Dr. Vincent T. McDermott, Sr., the first president of Our Lady of Lourdes medical staff, spent the majority of his 74 years at the call of others. He was, as his daughter Mimi Keeley described him, a man who loved “his faith, his family, and the people of Camden that he served so humbly.”
Born in Pennsylvania in 1900, Dr. McDermott was 2 years old when his family moved to South Camden. He commuted via ferry to St. Joseph’s Prep and College and then to Jefferson Medical College.
He received his medical degree in 1926, and was soon serving as the Camden Brewery doctor. (Located at Fillmore and Bulson streets, the brewery came under control of bootlegger Mickey Duffy during Prohibition, until he was murdered in 1931, according to a history of Camden on The Delaware Valley Rhythm & Blues Society, Inc. website, www.dvrbs.com. Dr. McDermott “had many stories to tell,” Keeley said of her father’s Prohibition years and other experiences.)
Dr. McDermott moved to Holy Name Parish in North Camden, into a building that became a home for his wife and four children, and a medical practice for patients. Today, the former site of Dr. McDermott’s home and practice is St. Luke Catholic Medical Services.
During World War II, Dr.
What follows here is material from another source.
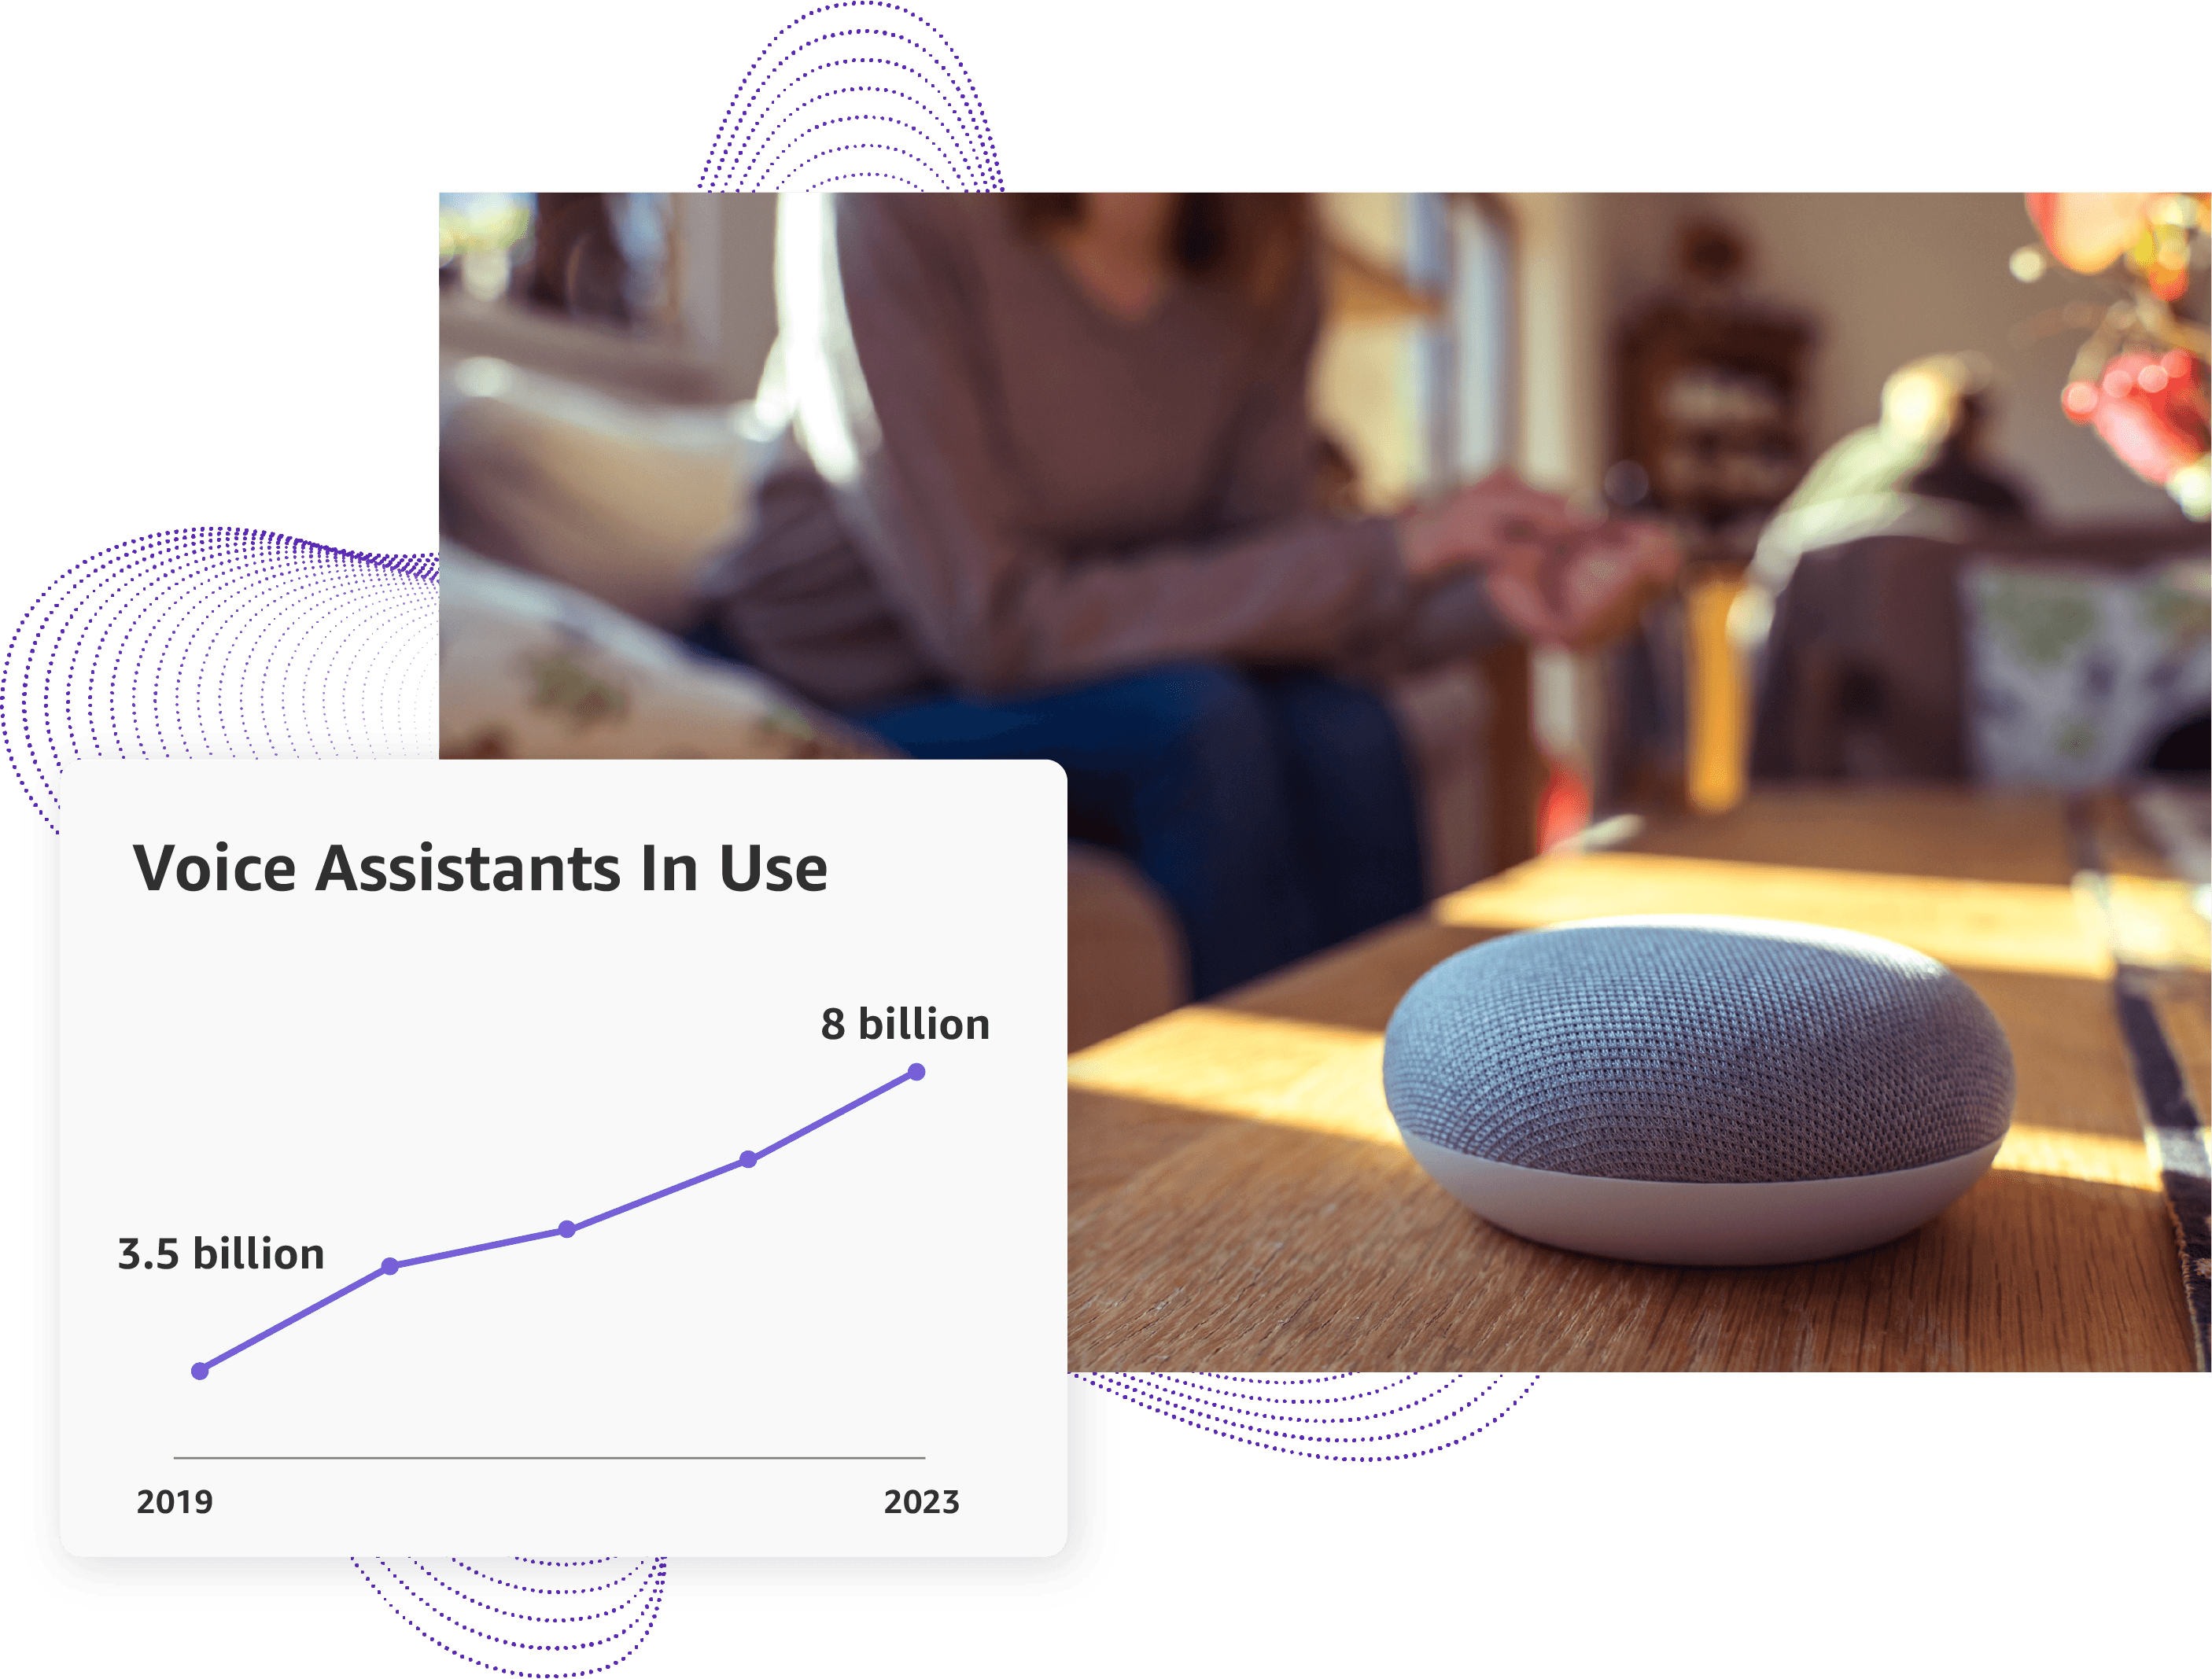 Voice assistants in use

McDermott served in the 61st Station Hospital in Africa and Italy. Upon his return, he began specializing in internal medicine and was the personal doctor for many priests in the Diocese of Camden, who were his friends.
In 1950, he became the first chief of staff of Our Lady of Lourdes Hospital. An annual award to a graduate of Lourdes’ School of Nursing bears his name: The Vincent T. McDermott Award for Excellence in Medical Nursing. He was class agent for his Jefferson class of ‘26 for 45 years.
Dr. McDermott was a Knight of St. Gregory, a pontifical order of chivalry bestowed by the pope on individuals for their service to the church.
Along with his family, work and faith, Dr. McDermott also enjoyed the outdoors, especially gardening, fishing and boating. His first boat that he built, “E Hyphen M,” was named after his beloved wife, Ella Maria. He also constructed a boat with one of his closest friends, the late Msgr. George Sharkey, that was named “Anne,” after the priest’s mother.
In July 1974, Dr. McDermott died at the age of 74. In addition to his daughter, his survivors include his son, Dr. Vincent T. McDermott, Jr. who served as president of Our Lady of Lourdes medical staff in 1982, Msgr. Robert McDermott, pastor of St. Joseph Pro-Cathedral in Camden, and his great-nephew.
Msgr. McDermott called his great-uncle an “iconic” man, who was well-respected by all who knew him. “He accomplished a great deal, without show,” Msgr. McDermott said.